TASK TO COMPLETE:
Output the listing word for word, minus images.

GIVEN DATA:
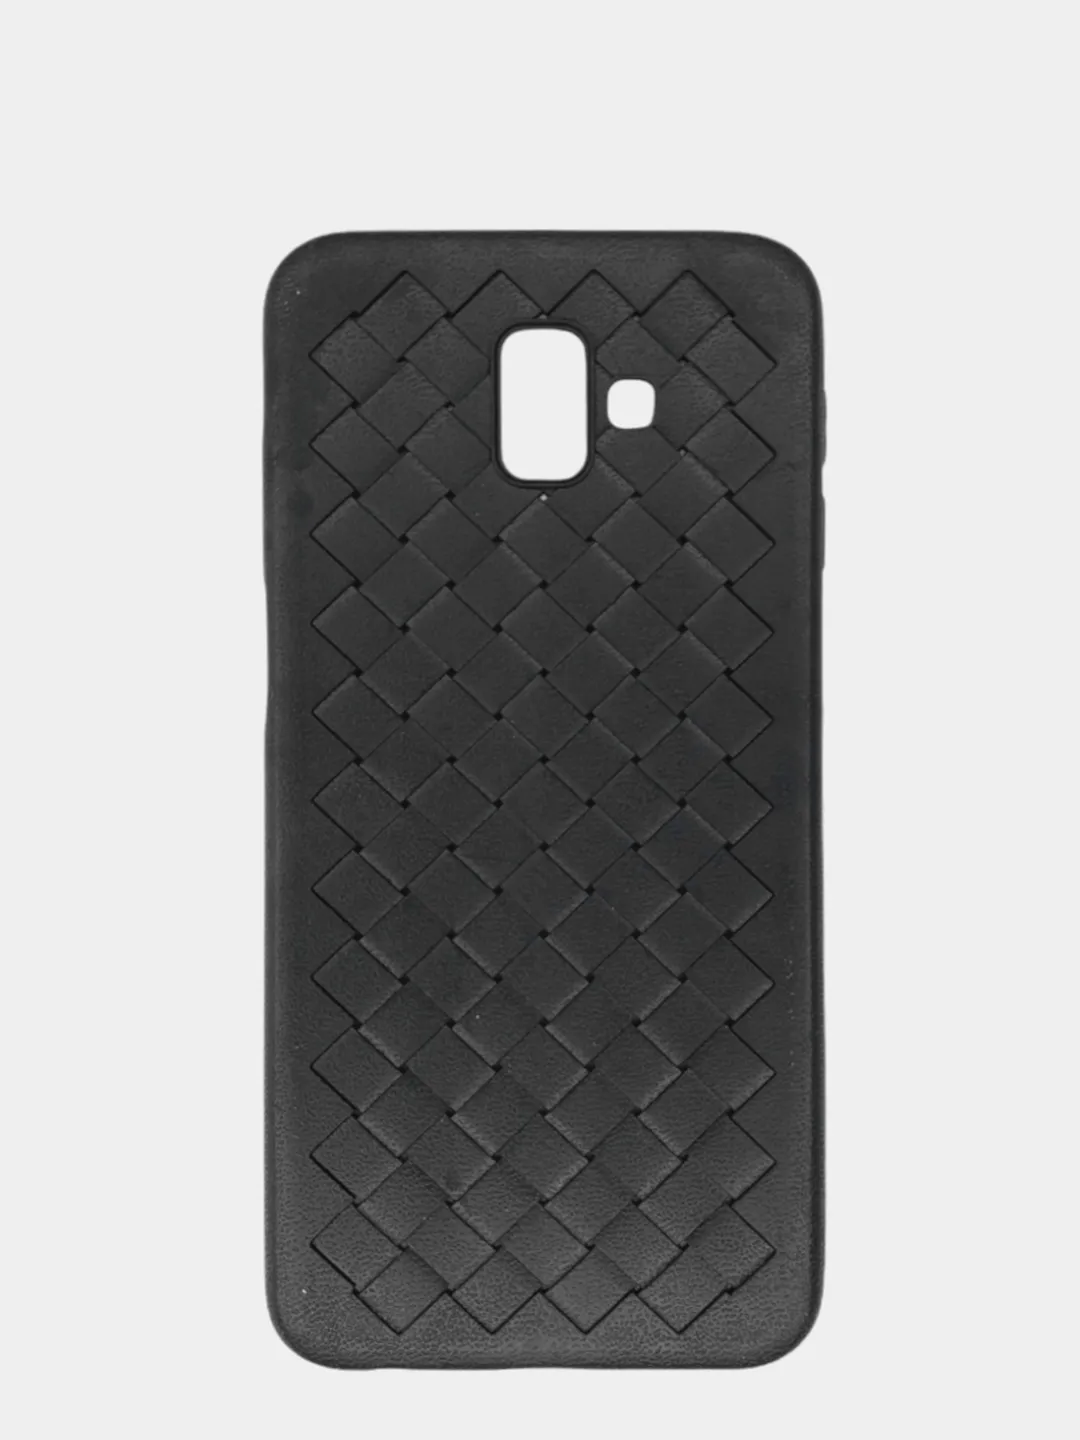 Чехол-силикон плетеный Samsung J6 (2018) черный ()
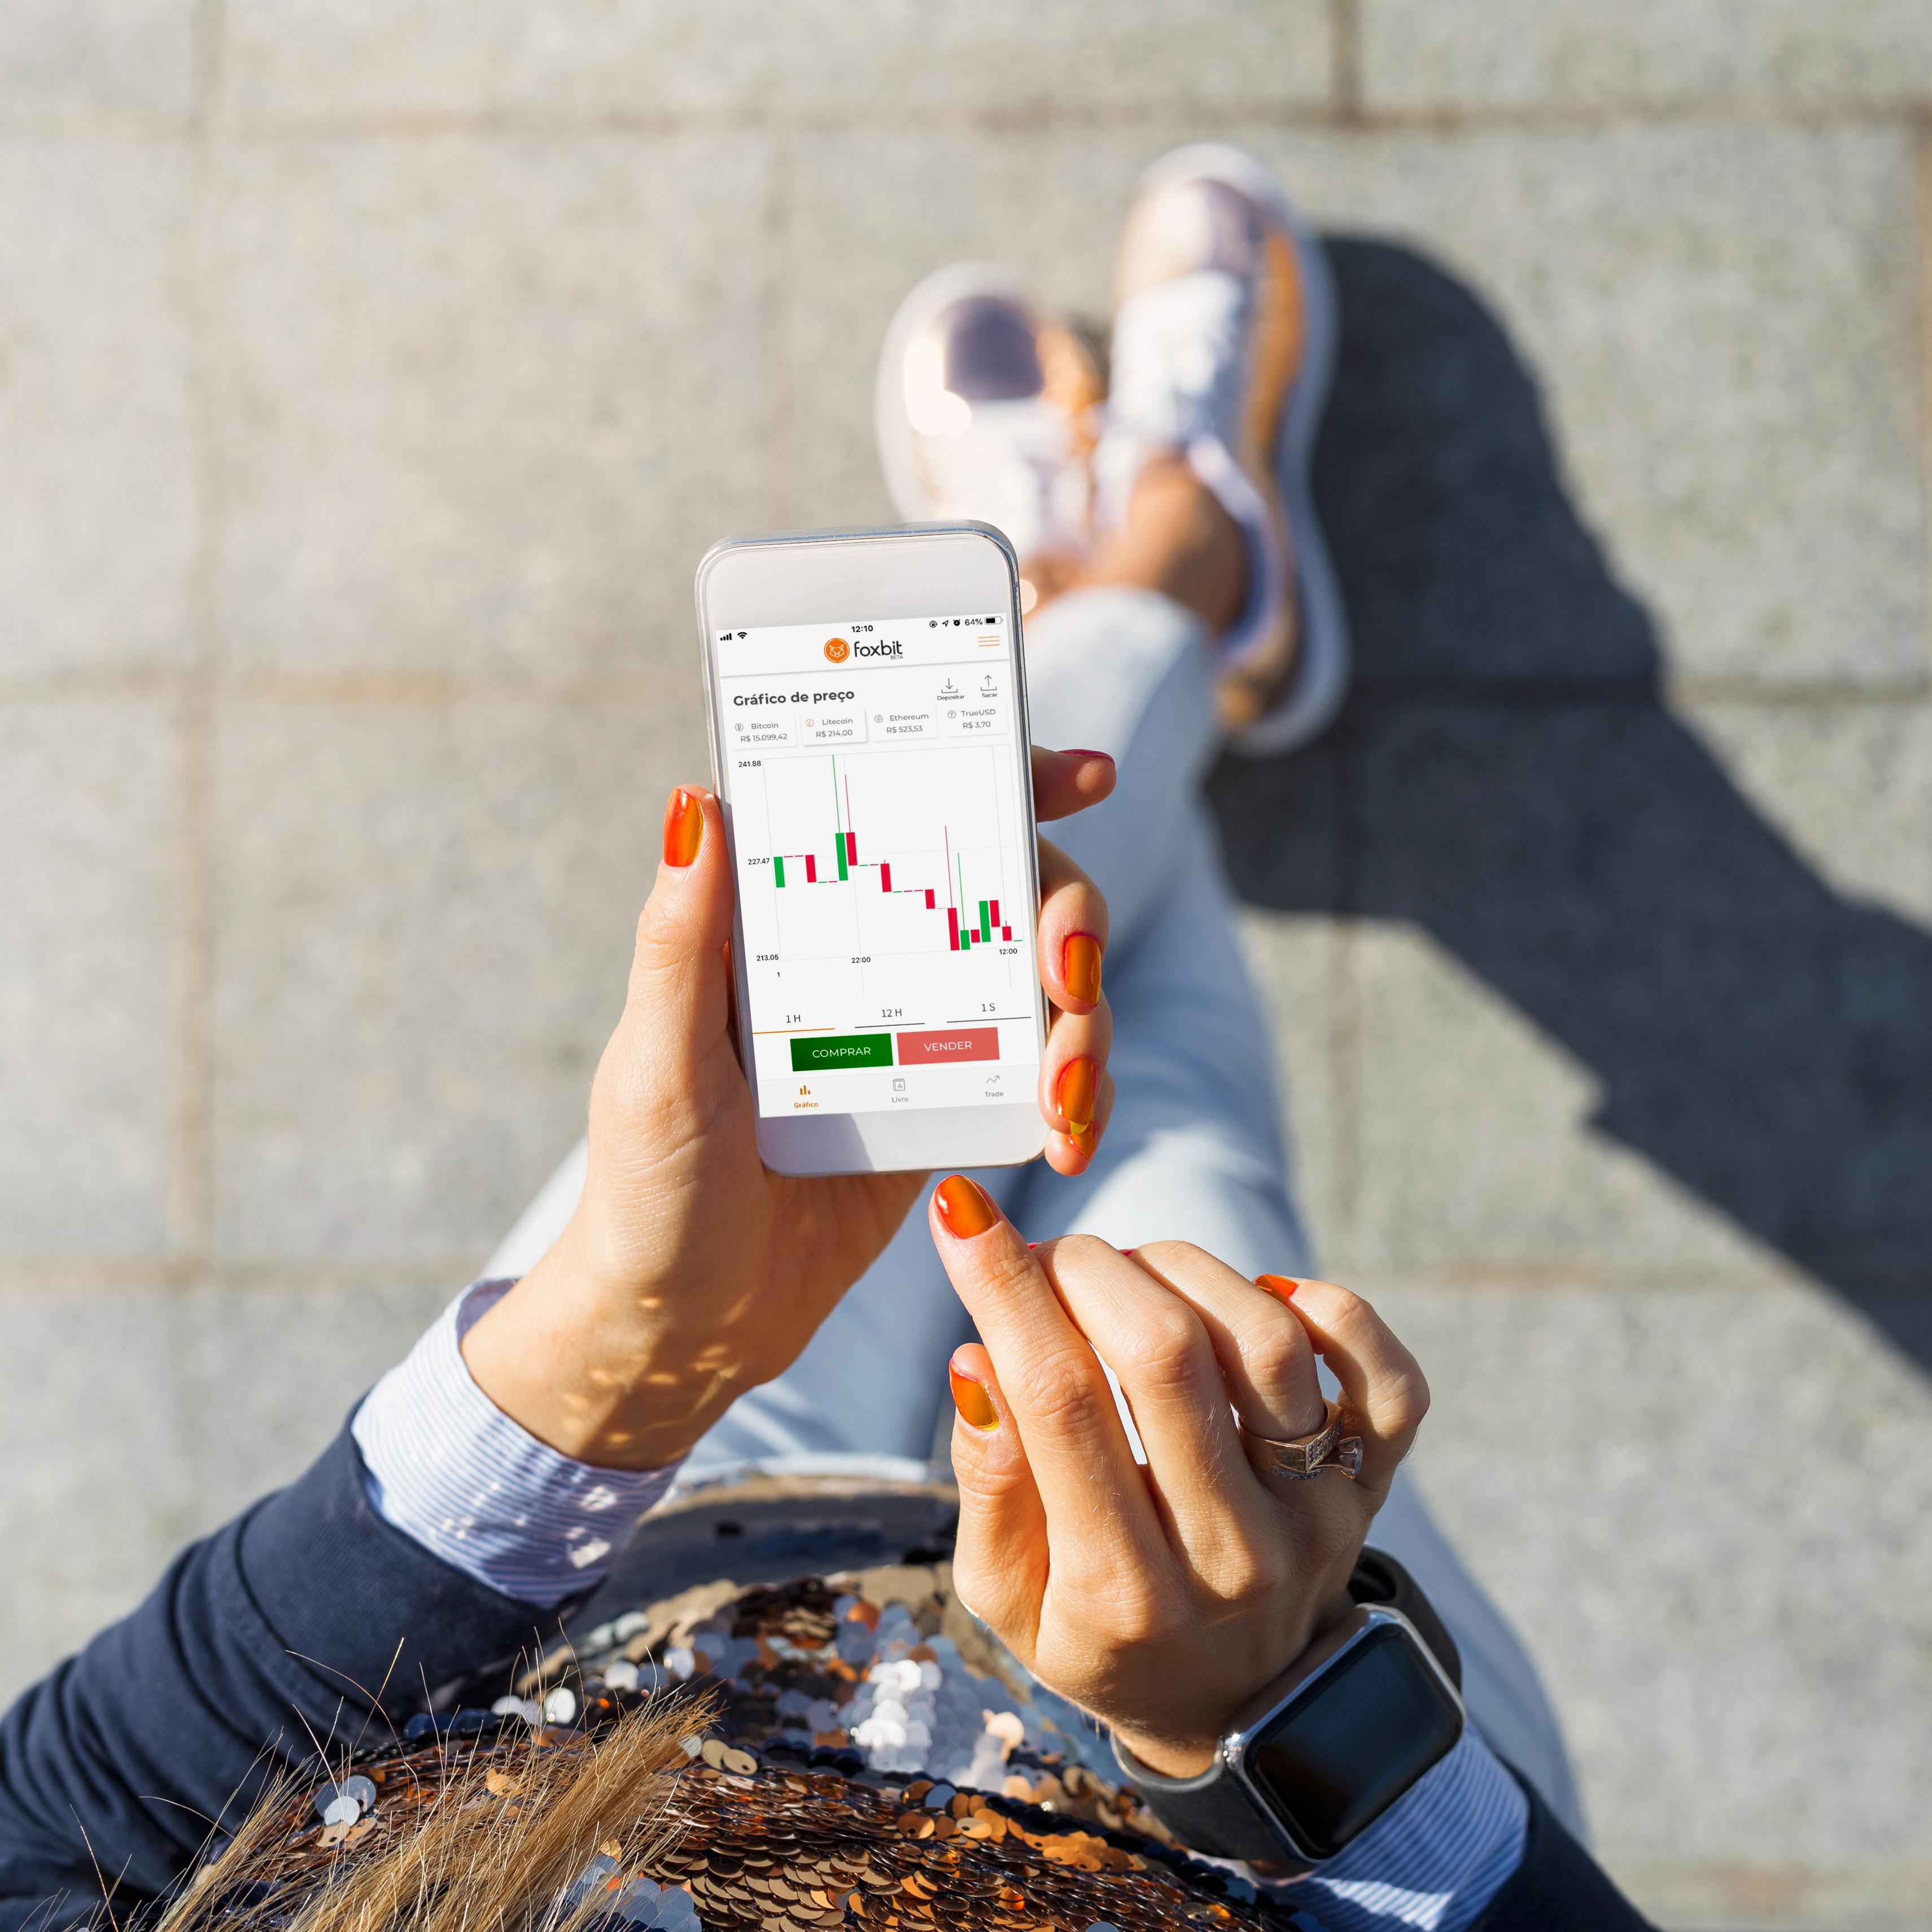 Foxbit lança aplicativo para iOS; confira nossa análise
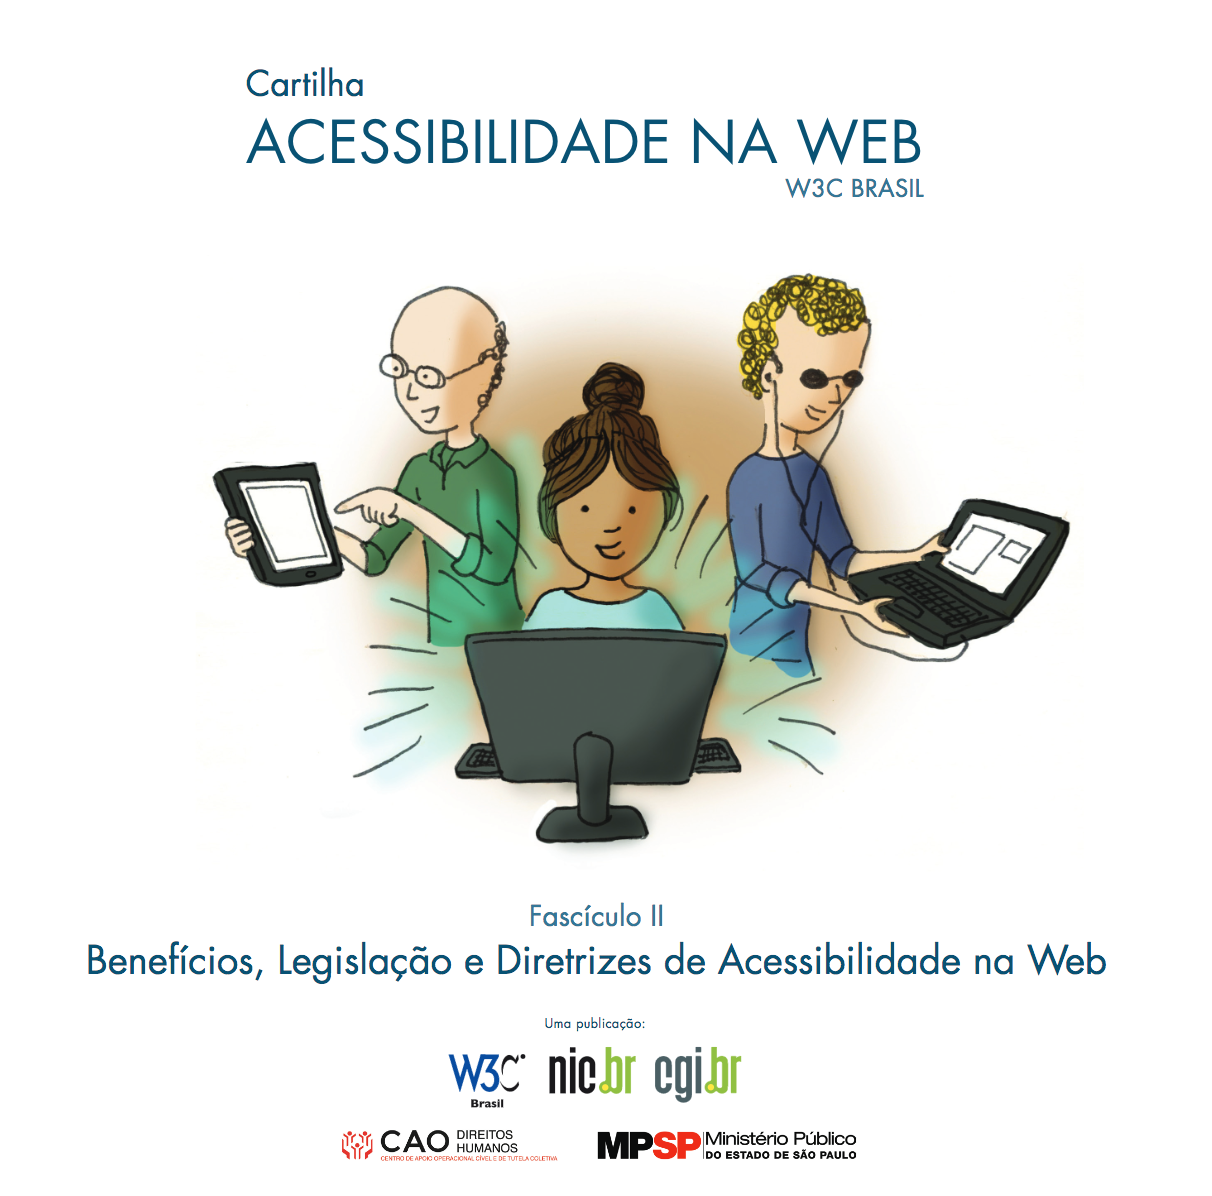  Cartilha de Acessibilidade na Web (Fascículo II)

RESPONSE BELOW:
 Чехол-силикон плетеный Samsung J6 (2018) черный ()
 Foxbit lança aplicativo para iOS; confira nossa análise
  Cartilha de Acessibilidade na Web (Fascículo II)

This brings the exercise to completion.